Hi,
I want to change the circuit of my load resistor to this:
In my opinion it would be possible to measure normal and bridged amps in this way, correct?
That circuit makes the outputs ride at 1/2 the actual amp output voltage, so can only increases the headroom by 6dB.
Perhaps use high power load resistor, but two indepedent identical low power resistive dividers to ground to bring the output voltages down by a factor of 10 or so. However that means there are ground currents from the dividers that have to return to the amplifier ground somehow. So 8 or 4 ohm dummy load, and say 0.1% 8k2 : 910R dividers to drop by 20.0dB (those would dissipate around 1W each with 100Vrms in, with ground currents around 10mA with negligible Johnson noise)

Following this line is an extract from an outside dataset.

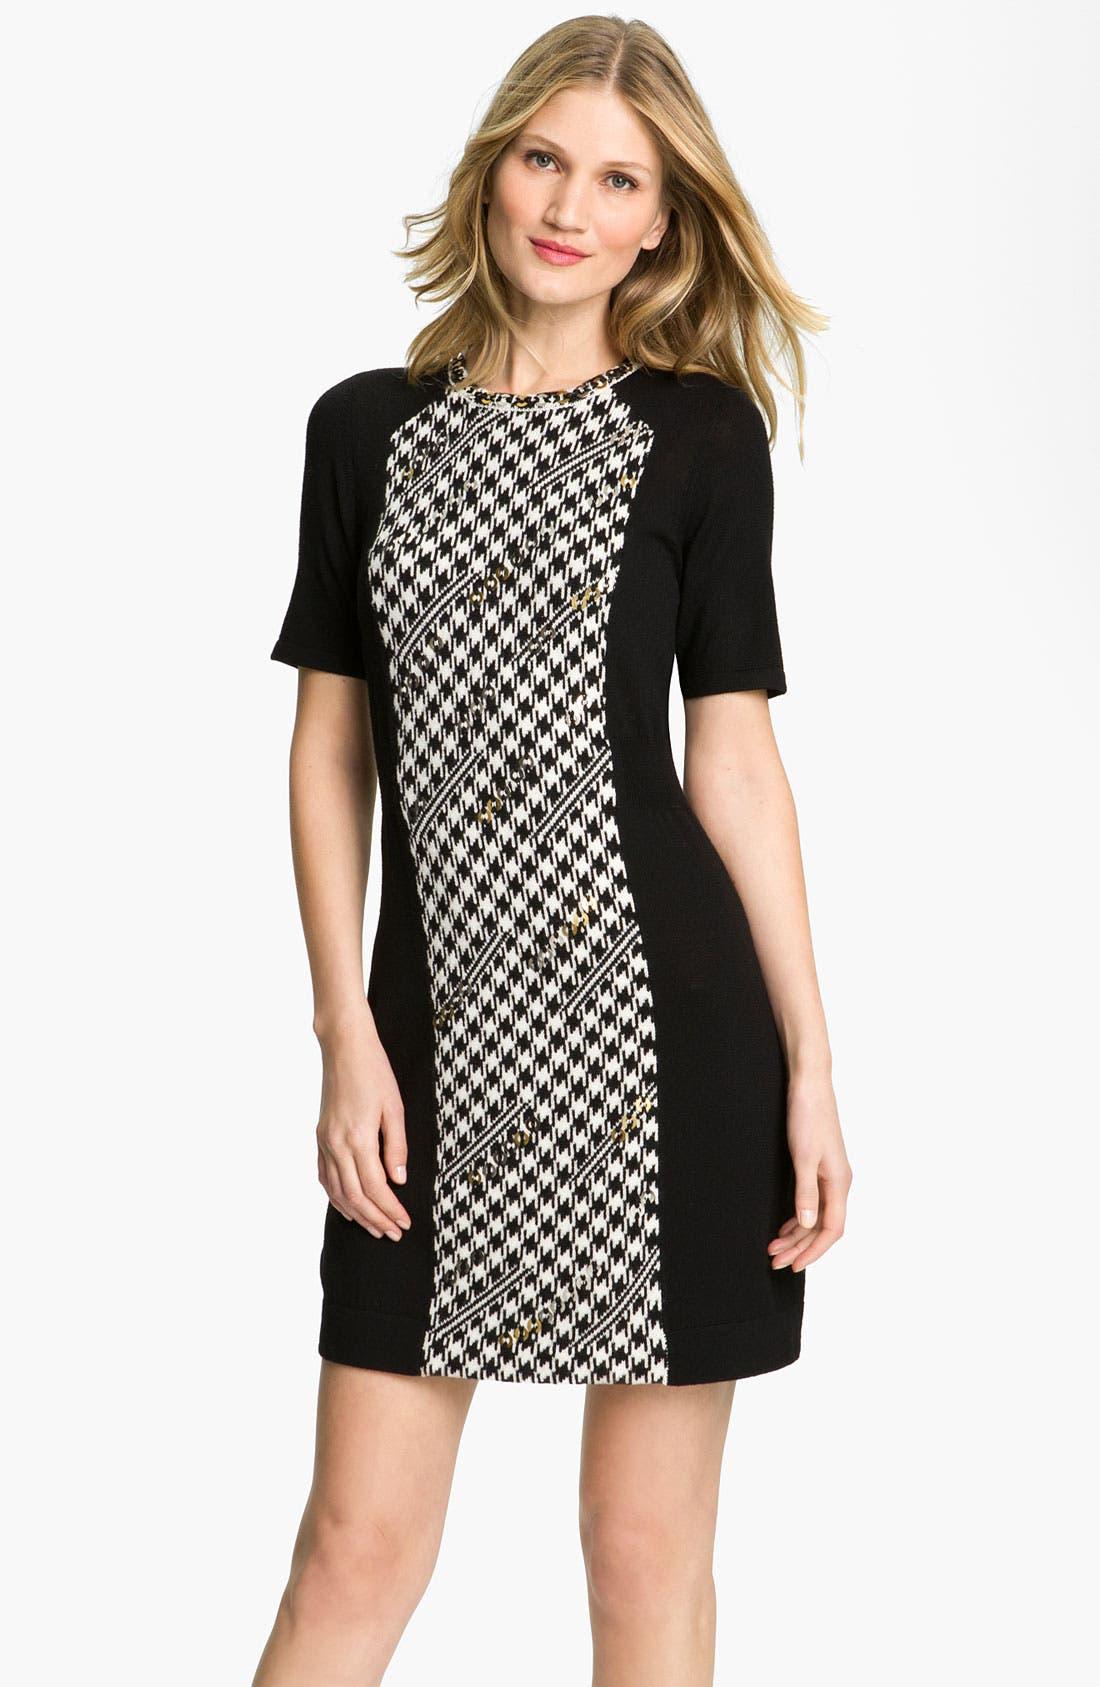 Main Image - Nanette Lepore 'Grand Prize' Merino Wool Sweater Dress
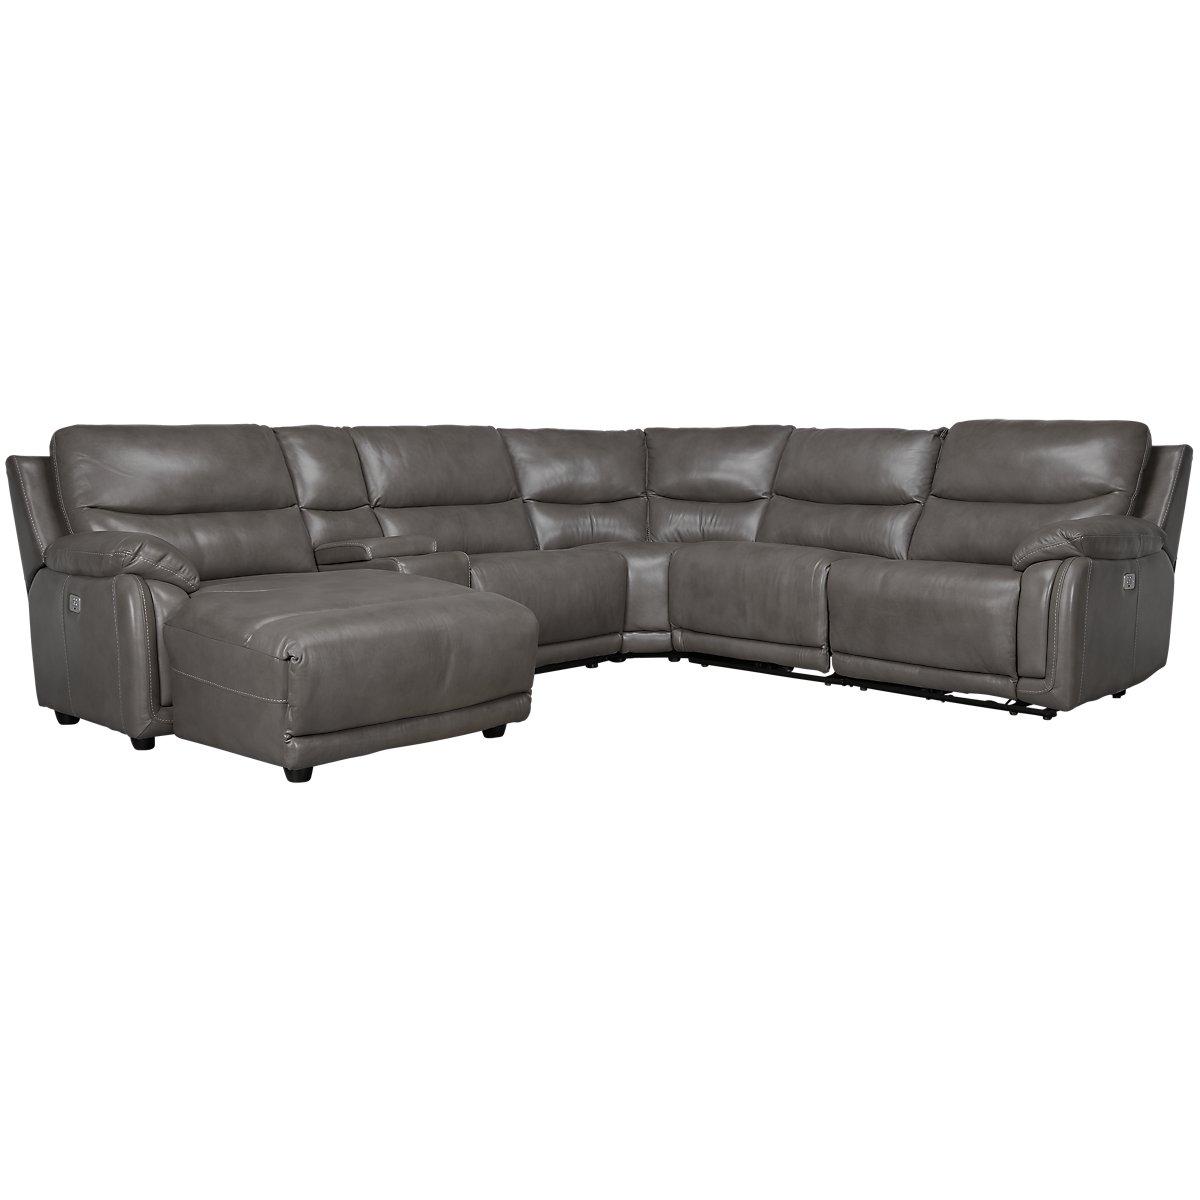 products neoprene black by modern sofa sectional lissoni plastics vinyl kartell piero resale

I just built an attenuator like this, but I get too much hum with a resistor of 1000 ohms.
Thats with shortened input cable of the QA403:
And I get this with a resistance of 1000 ohms:
Are all your leads shielded? I get nothing like that with 6k8 resistor and short cables, either single-ended or differential.
What about using a 10x oscilloscope probe to the QA40x input?
As far as I know an oscilloscope probe needs an input impedance of 1M. The QA403 has an input impedance of appr 100k, I don‘t believe that it works.